Data excerpt =>
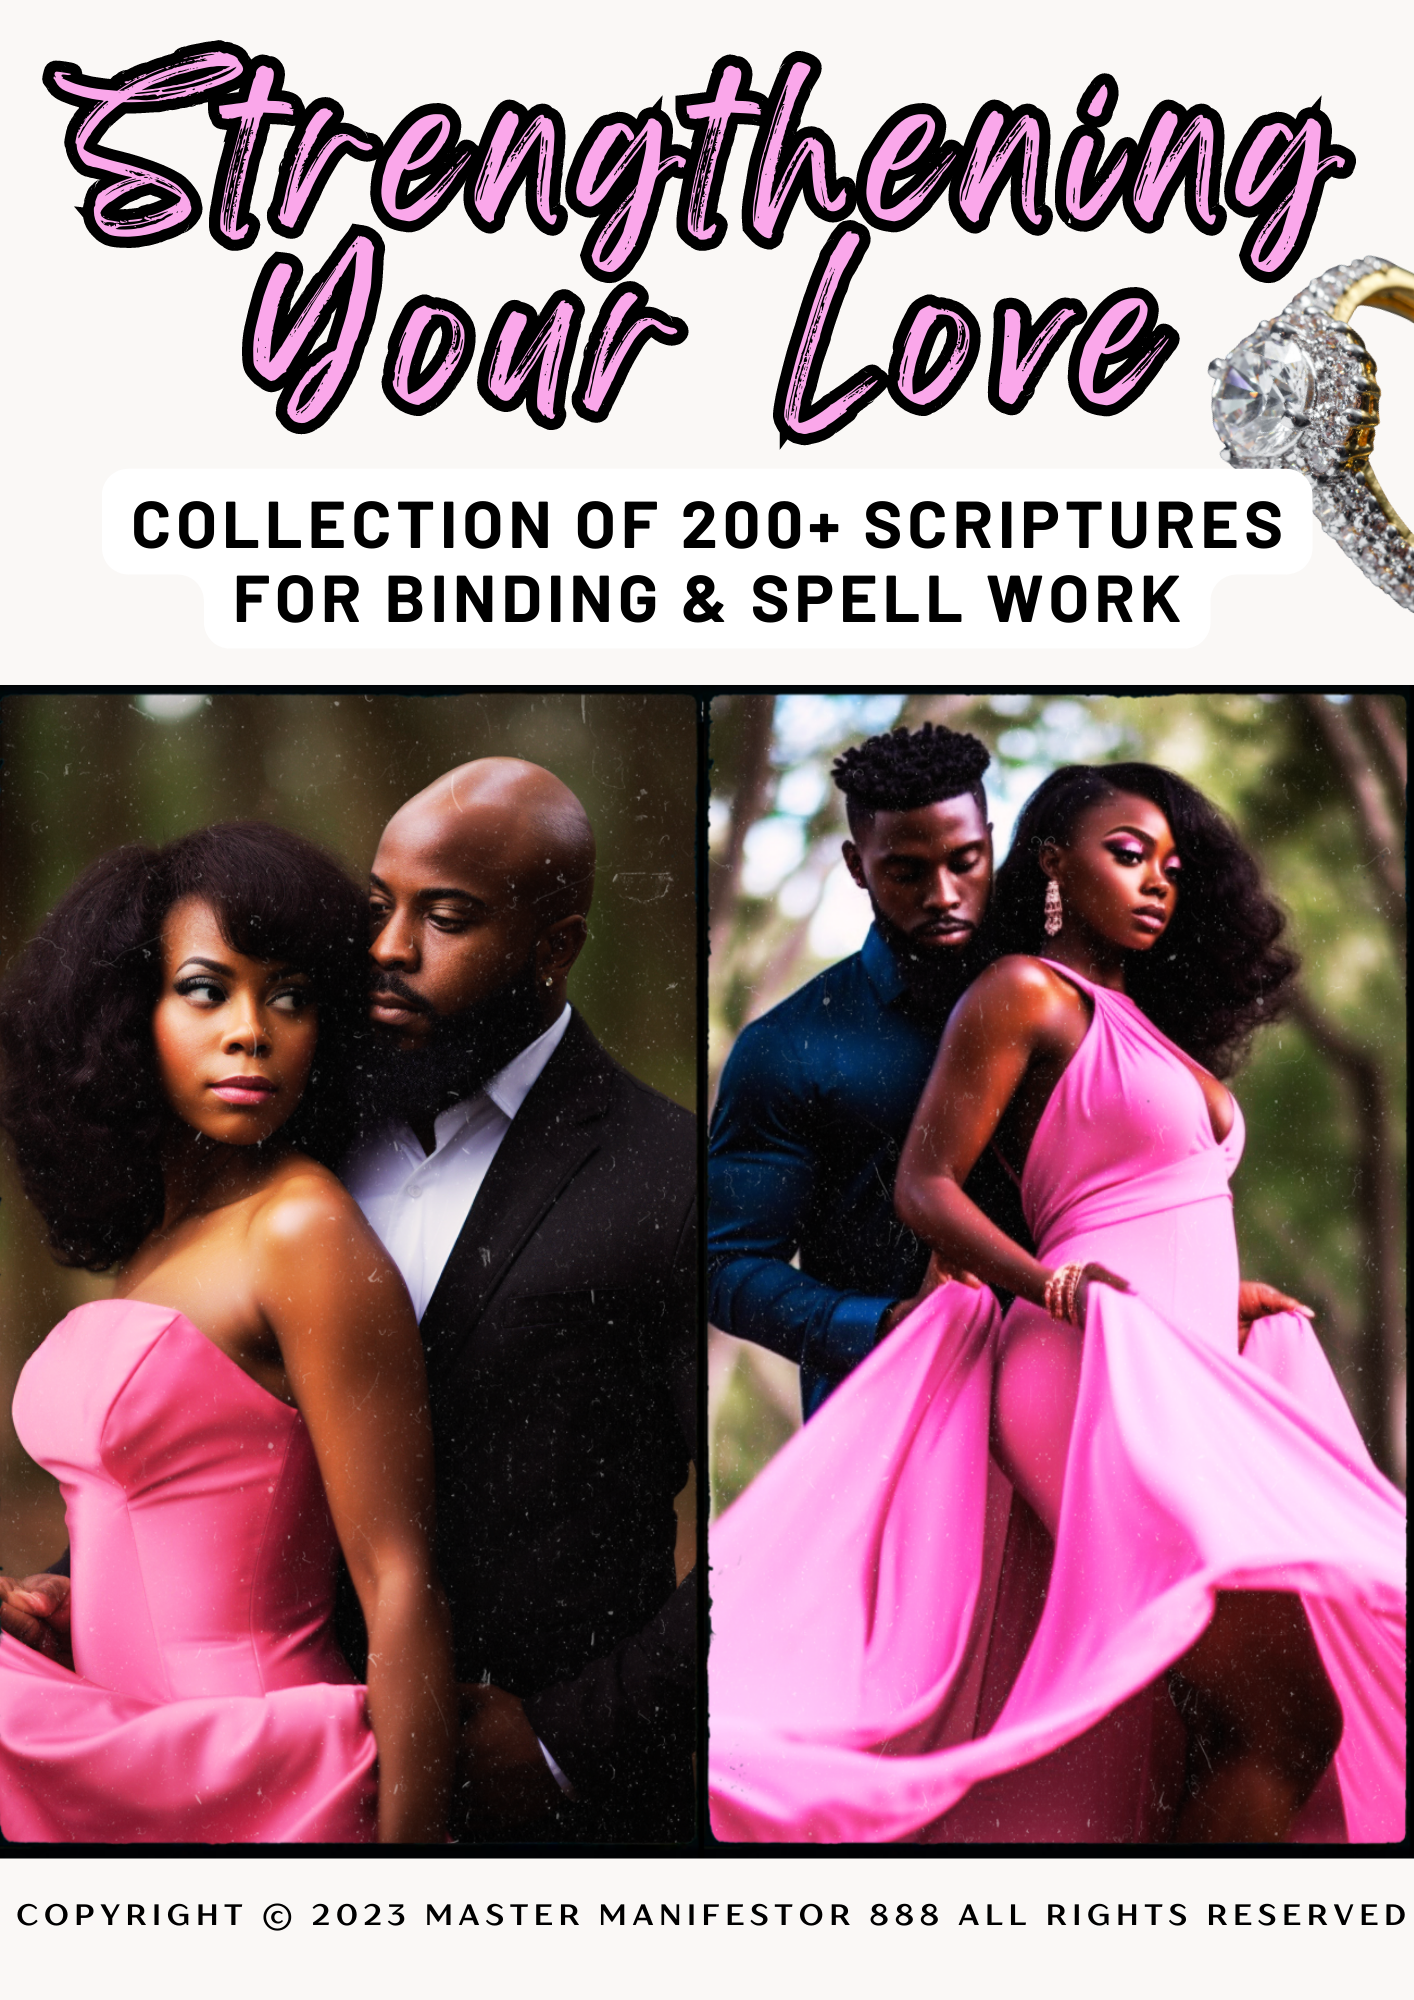 Strengthen Your Love: Collection of 200+ Scriptures for Love, Binding and Spellwork
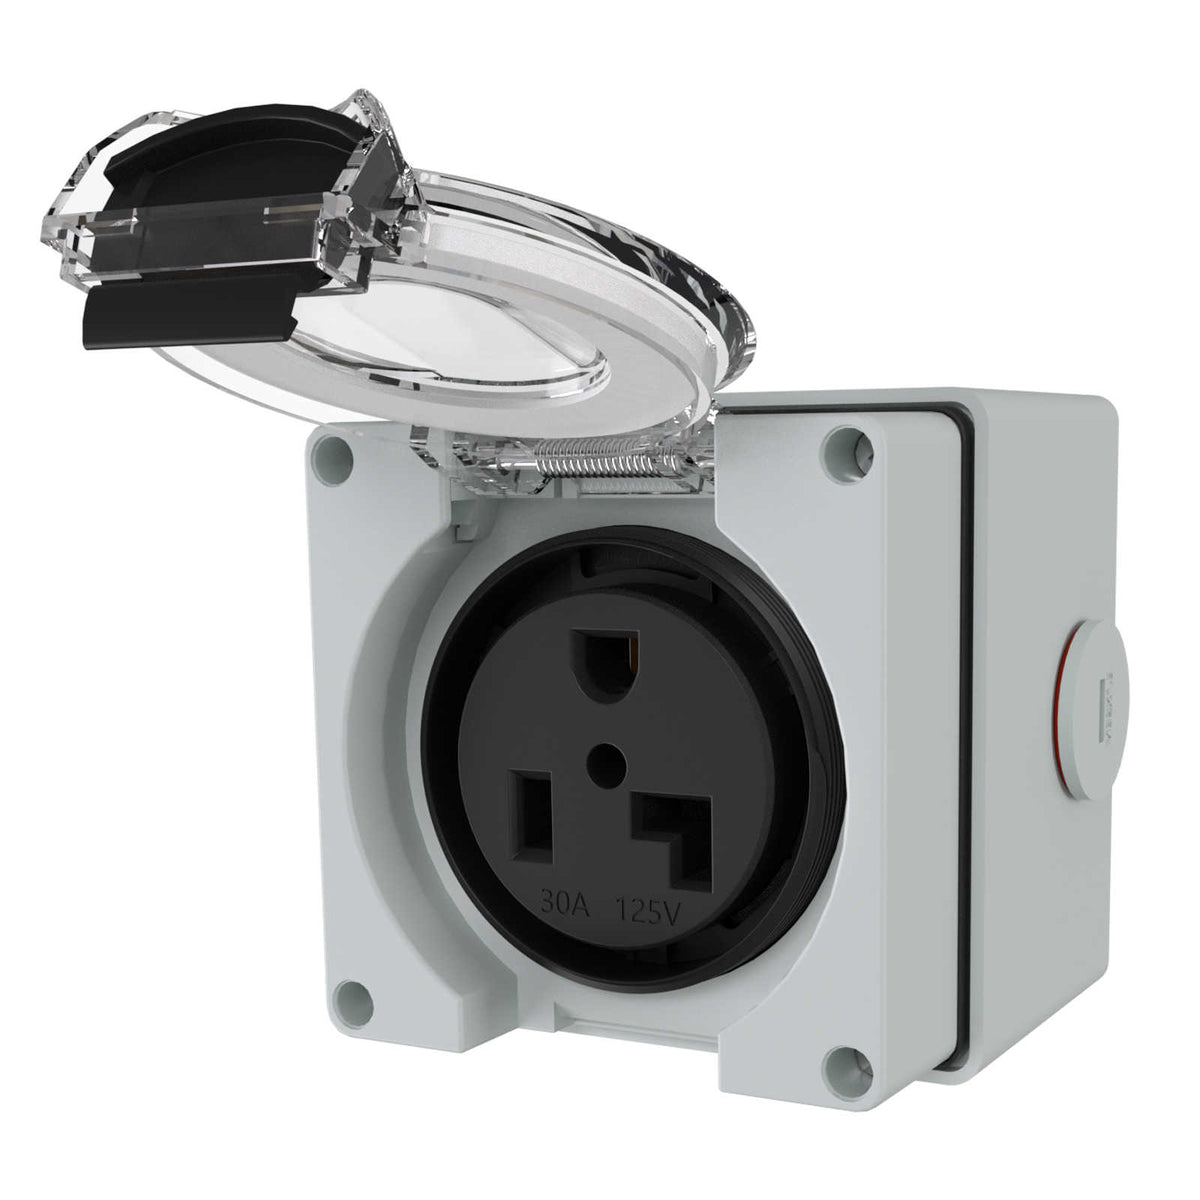 5-30R 30Amp Power Outlet Box
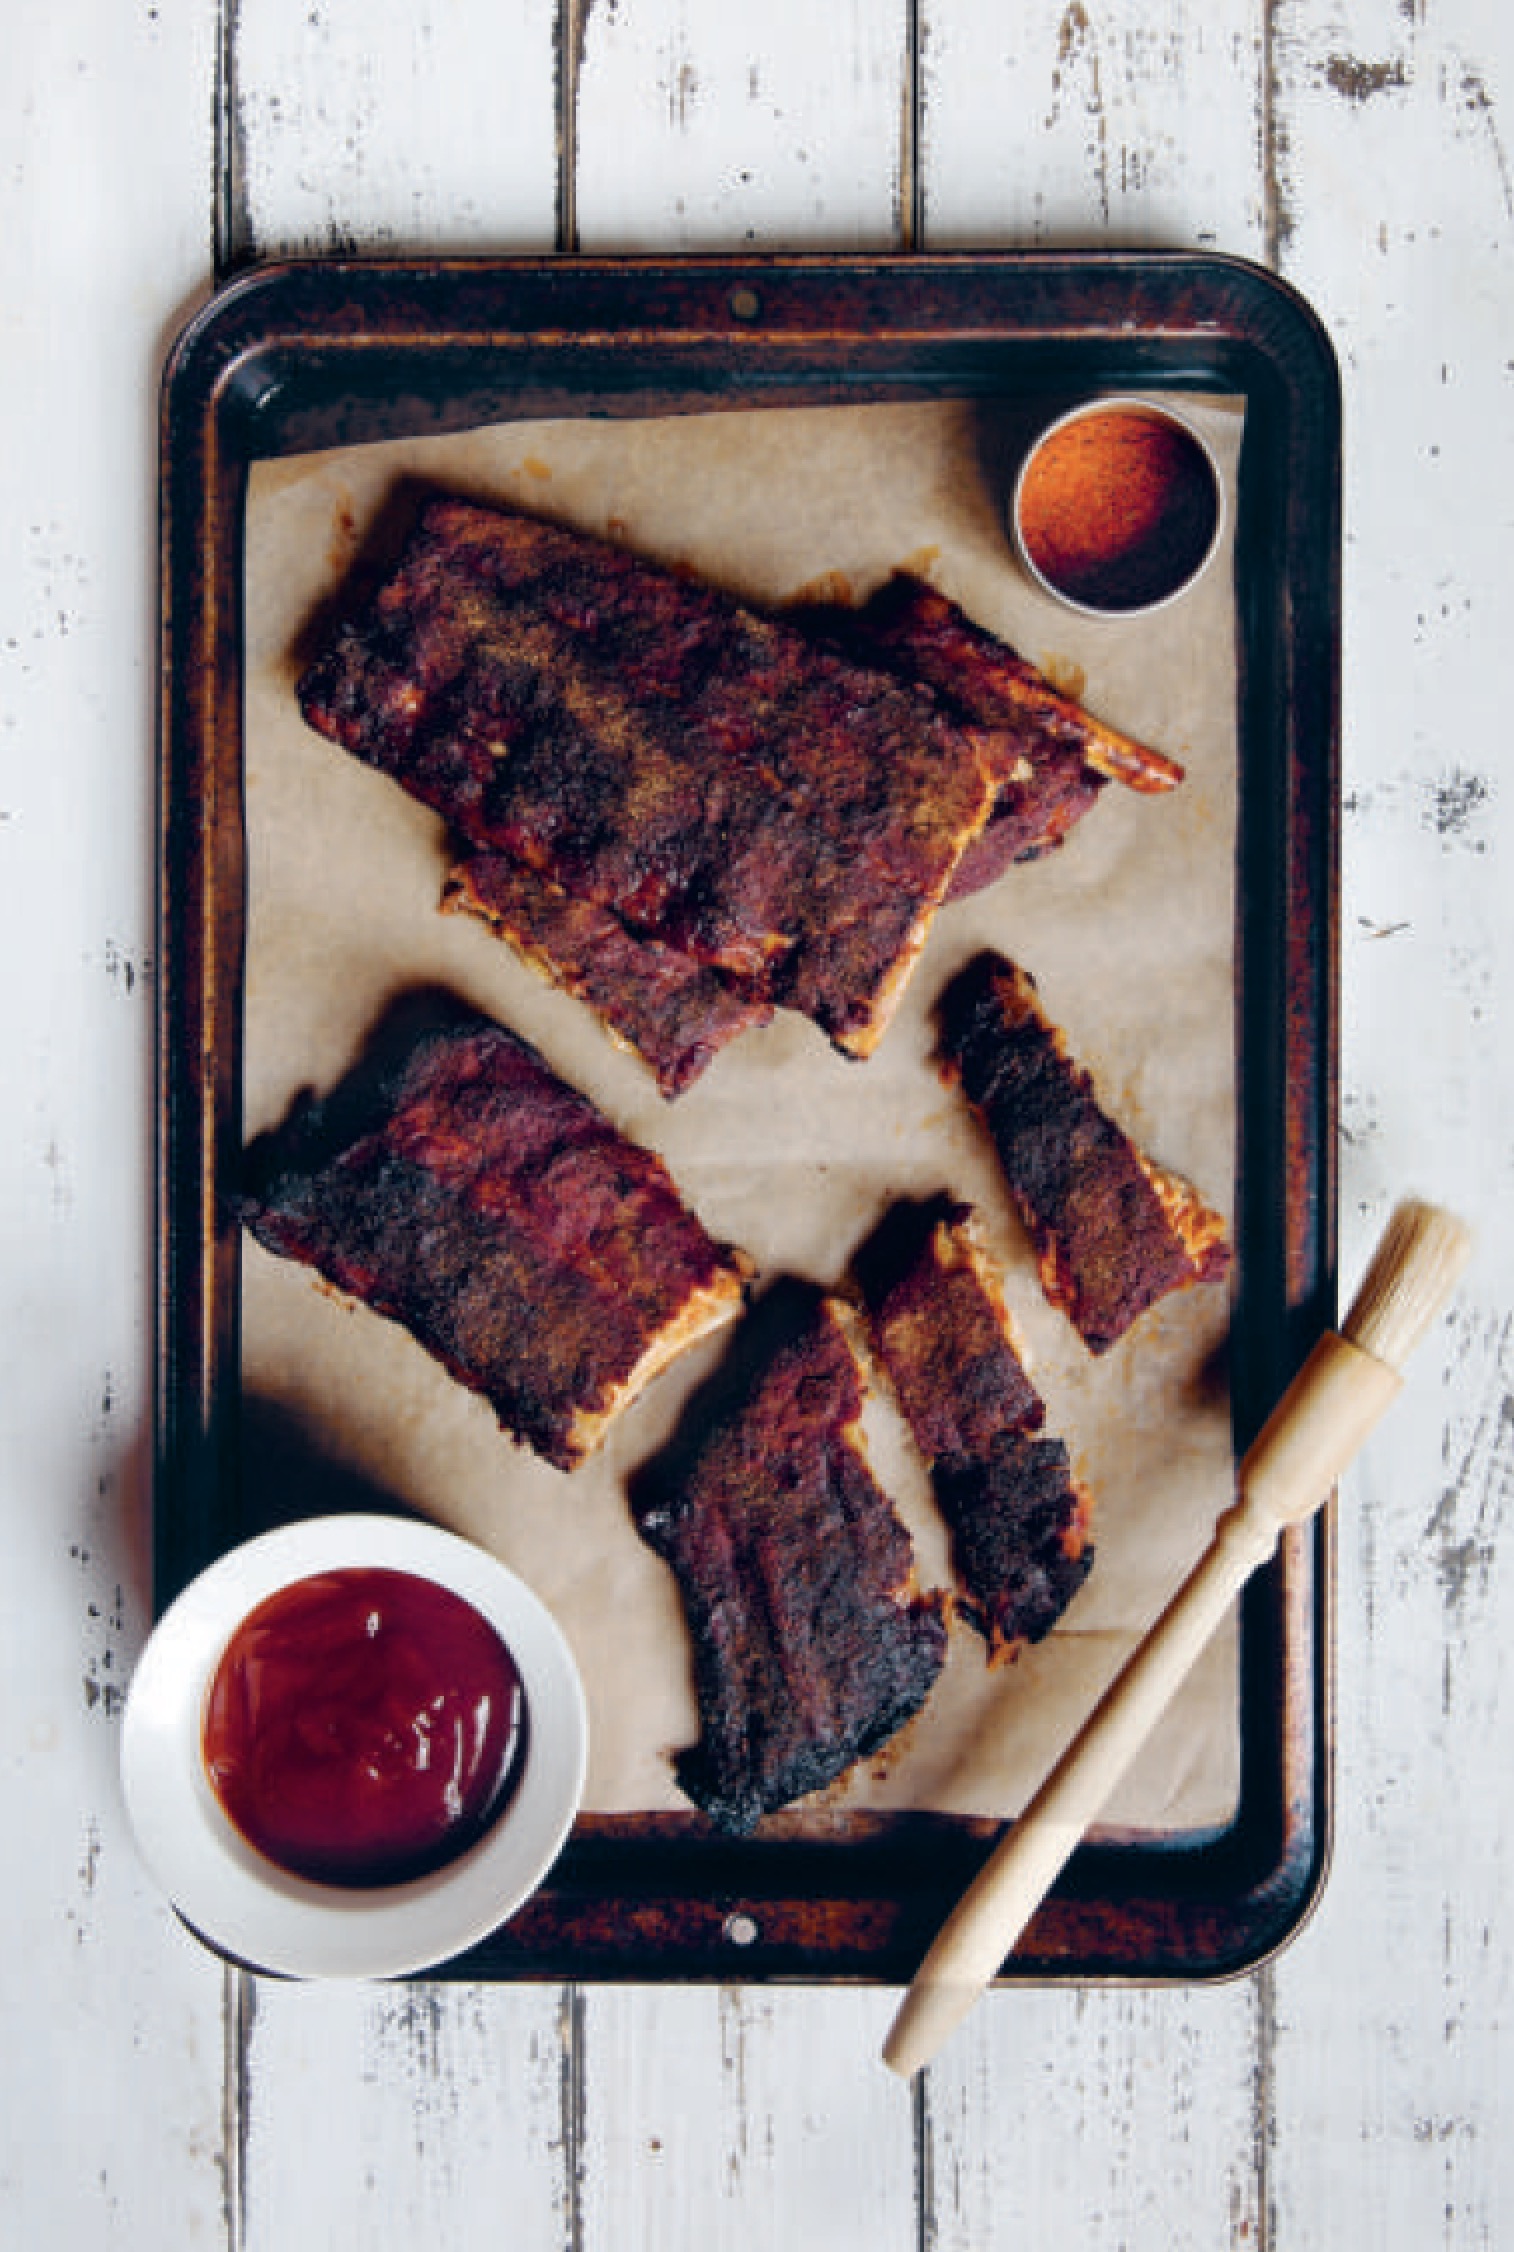 Memphis Style Barbecued Pork Ribs - from America the Cookbook

Exercise details =>
No image belongs in the copy. Transcribe the full listing verbatim.

Exercise result =>
 Strengthen Your Love: Collection of 200+ Scriptures for Love, Binding and Spellwork
 5-30R 30Amp Power Outlet Box
 Memphis Style Barbecued Pork Ribs - from America the Cookbook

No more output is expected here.